When the analysis of variance of AD in different clinical stages of HF was adjusted for BMI, HDL cholesterol and NT-proBNP - the main cofactors known to predict AD plasma levels – the difference in AD still remained significant in the total population and in the ND group (Table 2). Conversely, in the diabetic group the difference after covariate adjustment was not significant.

Table 2. Analysis of variance of adiponectin plasma levels across the three subgroups (A, B and C)

Independent predictors of AD

In order to elucidate the predictive value of each variable on AD level we drew different backward stepwise linear regression models (Table 3).

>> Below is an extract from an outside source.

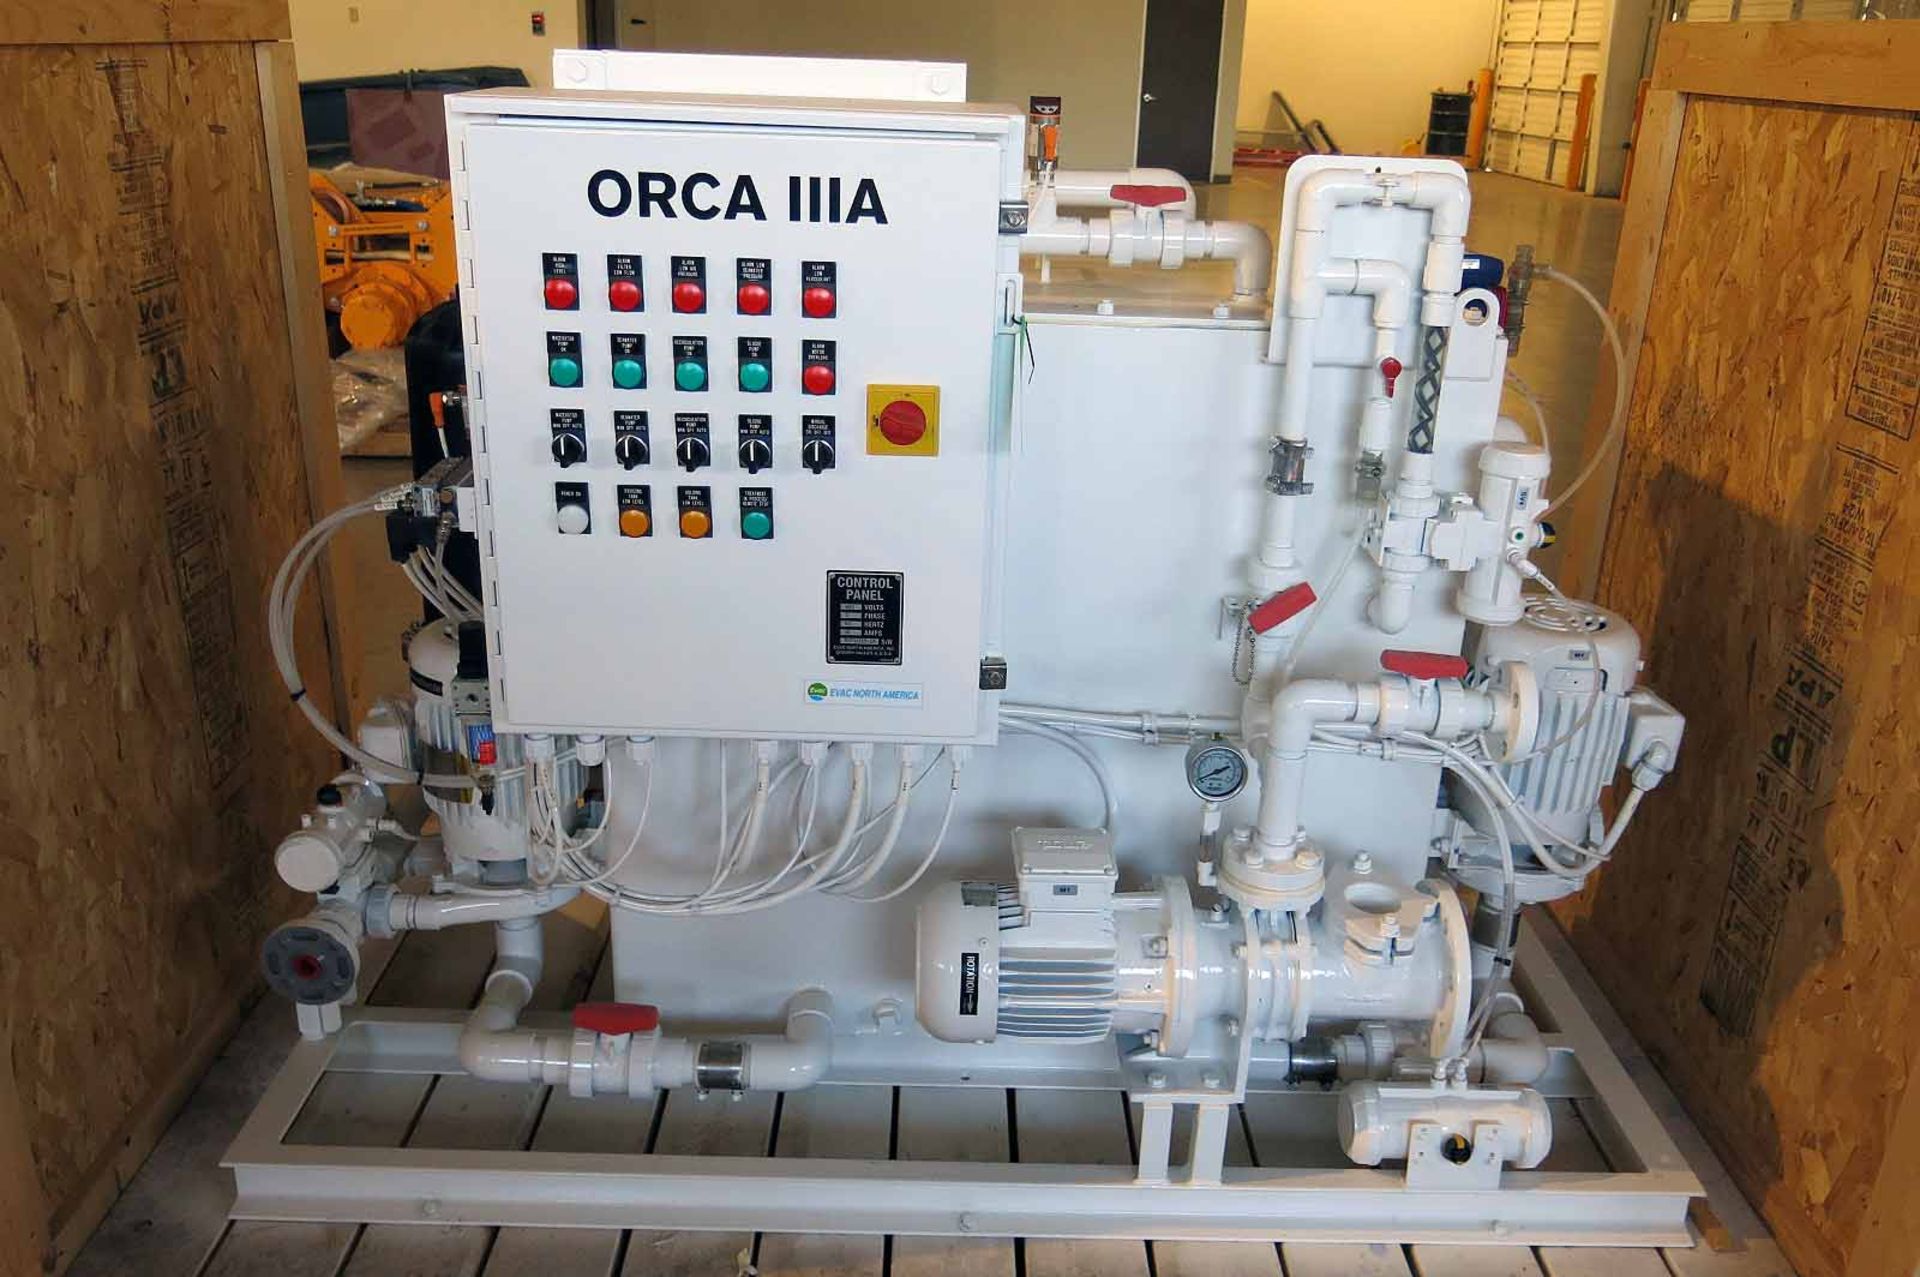 ONBOARD WASTEWATER TREATMENT PLANT, EVAC NORTH AMERICAN MDL. ORCA IIIA, unused, physiochemical - Image 4 of 6

The first model which included age, gender, ACC/AHA clinical stage of HF and the presence of diabetes, showed high predictive strength (R=0.62, p<0.001). In the second model we added NT-proBNP; as the first one, it showed a good predictive strength (R=0.63, p<0.001). In the third and fourth models we introduced BMI first and then HDL cholesterol; the predictive strength of these models was still satisfactory (R=0.62, p<0.001; R=0.69, p<0.001 respectively); however, diabetes lost its independent predictivity.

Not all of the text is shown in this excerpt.